Myths are culturally specific. The myths of the Greeks are not the same as the myths of the Egyptians. That’s fairly obvious but what’s less obvious, perhaps, is that even when one culture draws their myths from another culture, they are not the same. The Romans took a lot of their myths from the Greeks but they made them Roman. And not just the facile stuff like “Zeus” becoming “Jupiter,” but the tone, the intention, the meaning of the stories change and become distinctly Roman. Figures from one culture are syncretized with another to form something new that may or may not end up being greater than the sum of its parts. To complicate things even further, cultures change internally and with them so do the myths. The stories told and the gods worshipped in northern Egypt in 4000 BCE are not the exact same ones as those of southern Egypt in 4000 BCE, or those in northern or southern Egypt in 2000 BCE or in 40 BCE or in 2017 CE. To understand the myths you need to know the culture they are coming out of, and in order to understand the culture you need to know their myths. They are as inextricably linked as they are ever changing.


Truth is an elusive beast, so when I say that these people believe these stories to be “true,” it’s a loaded statement. “True” does not mean the same thing to every culture at every time or to every person within them. Take modern Christians for example: some believe the Bible is literally true, right down to how the sun revolves around a flat earth. Others believe that it is metaphorically or spiritually true—some of your more liberal Christians will even say that it doesn’t matter if Jesus was an actual historical man or not because the truth of the teachings is all that matters. And then, between the two extremes, you have those who believe parts are literally true (Jesus was fully and historically god and man) whereas other parts are metaphorically true (the world wasn’t created in seven twenty-four-hour periods but was created by a single, benevolent god). This is true of virtually every other culture’s relationship with their myths as well. Did Erik the Red believe that each peal of thunder came from Thor or did he believe that the tales of the gods were meant to show us how to live? Some Egyptians may have believed that the sun was rolled over the horizon each morning by a dung beetle whereas others didn’t take it quite as literally. Truth comes in many forms. And, importantly, this definition of mythology does not say anything about the actual truth value of these beliefs, only that it has some degree of perceived truth value by the believer. So, when I call Christianity, Islam, Hinduism or any other belief system a “mythology,” I am not calling it either true or untrue, just saying that the believer finds a degree of truth in it. “Myth” is not a pejorative.

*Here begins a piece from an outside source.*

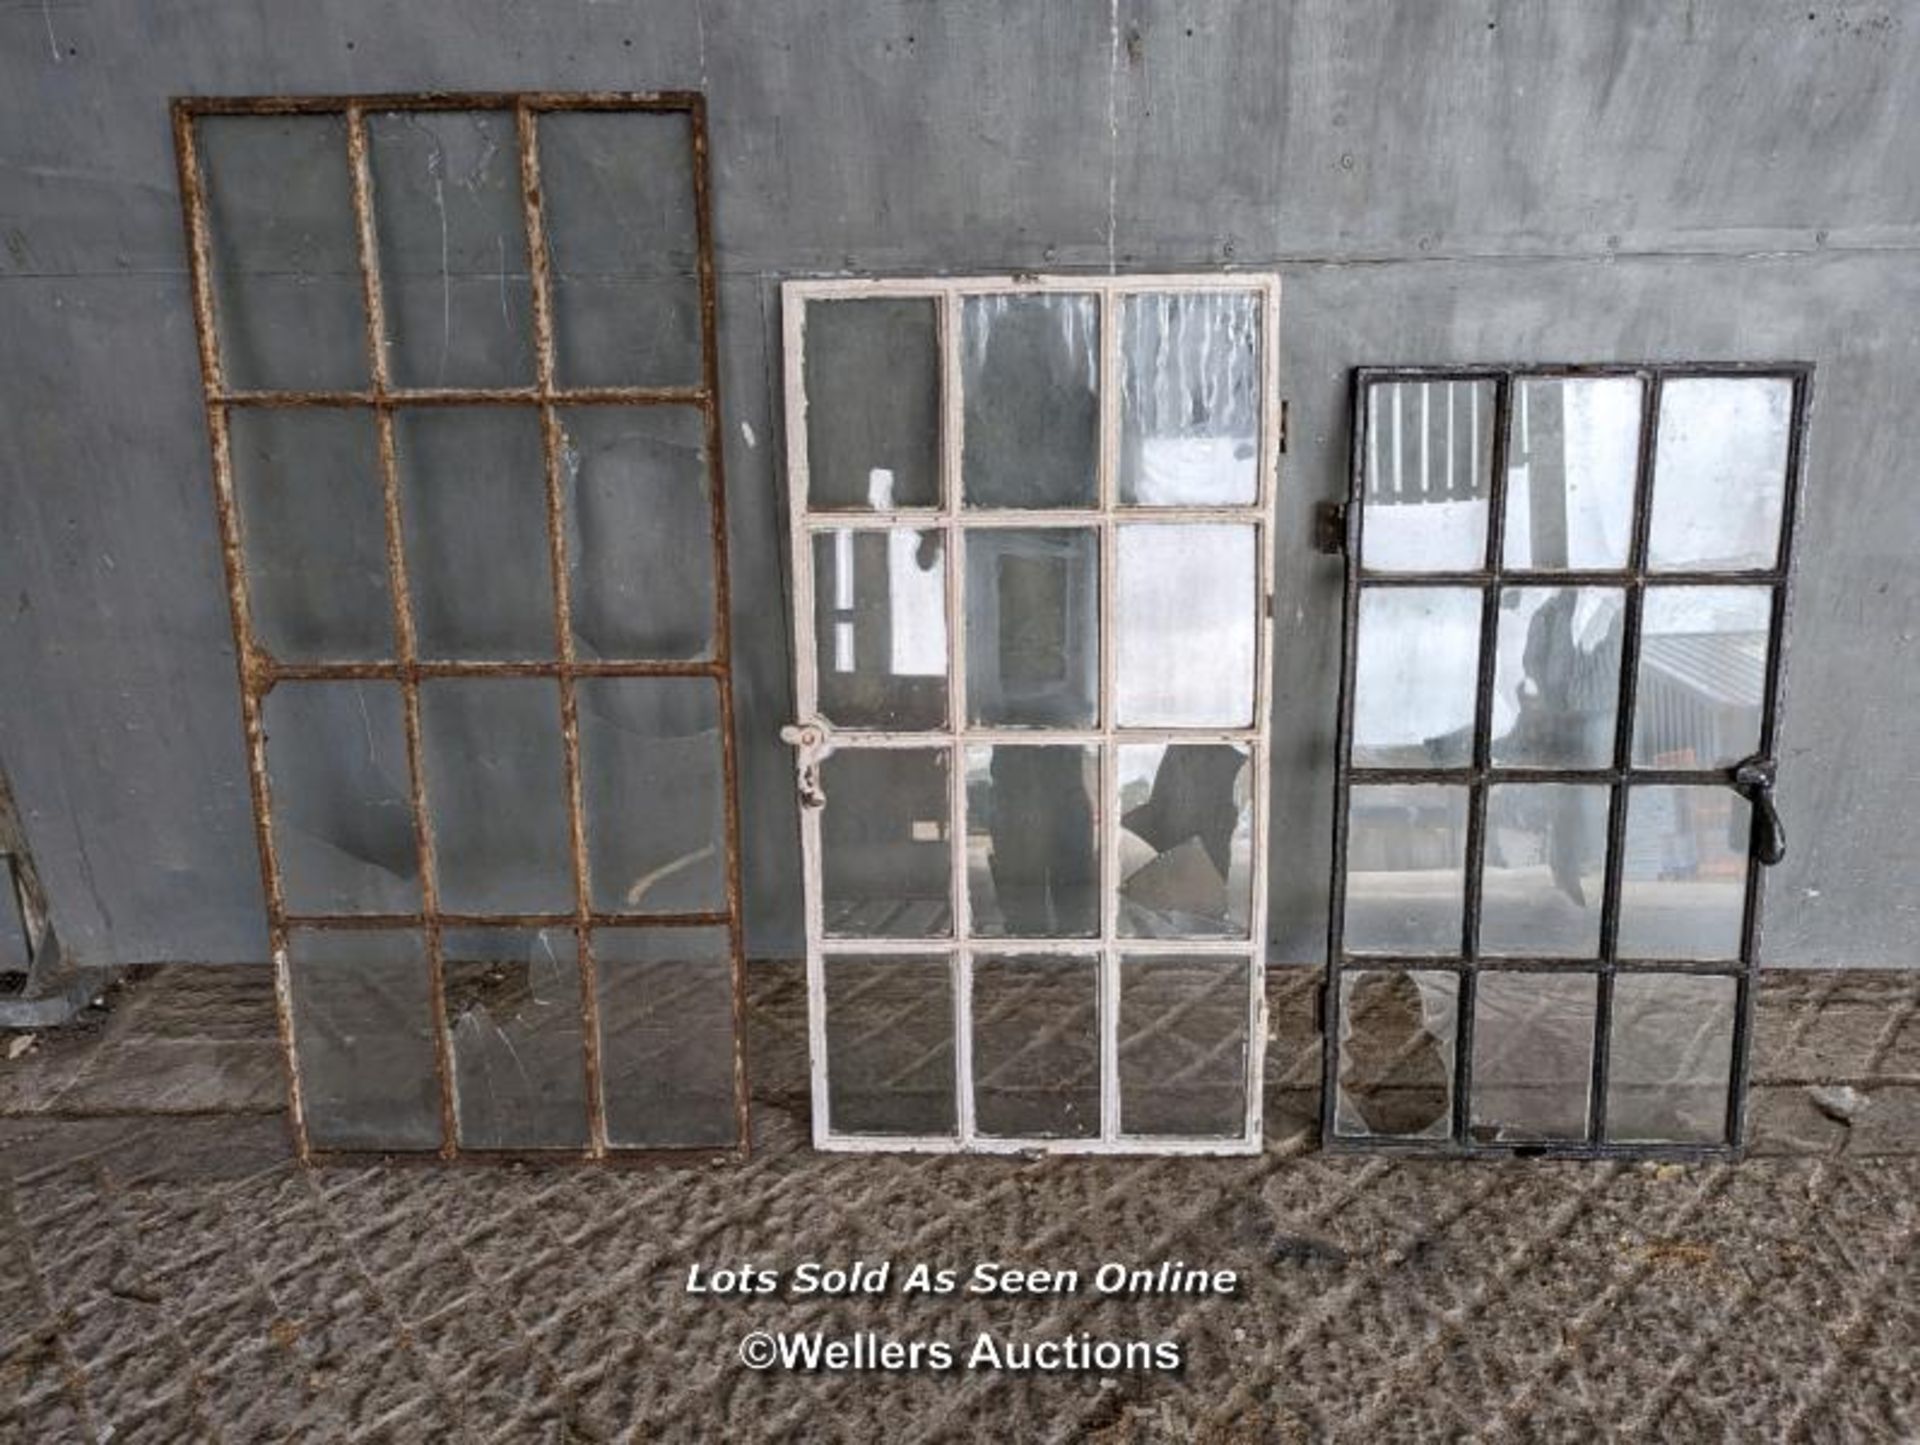 3 late Georgian/Early Victorian cast iron window with square glazing panels. For restoration.

Myths serve the function of helping people understand the workings of the universe as well as their own inner workings. We are largely talking about pre-scientific cultures who did not have, for example, a knowledge of plate tectonics or the Earth’s molten core to explain earthquakes and volcanoes. They didn’t have medical diagnoses to explain why people had seizures or why some people were attracted to the opposite sex, whereas others were attracted to members of their own sex. So, we use myths. They explain not only why the sun rose in the sky this morning, but also what, if anything, we need to do to help make sure it does again tomorrow. Some myths serve clearer functions and offer better explanations than others but they all reveal something about the way the people telling or the people hearing the stories perceived the world.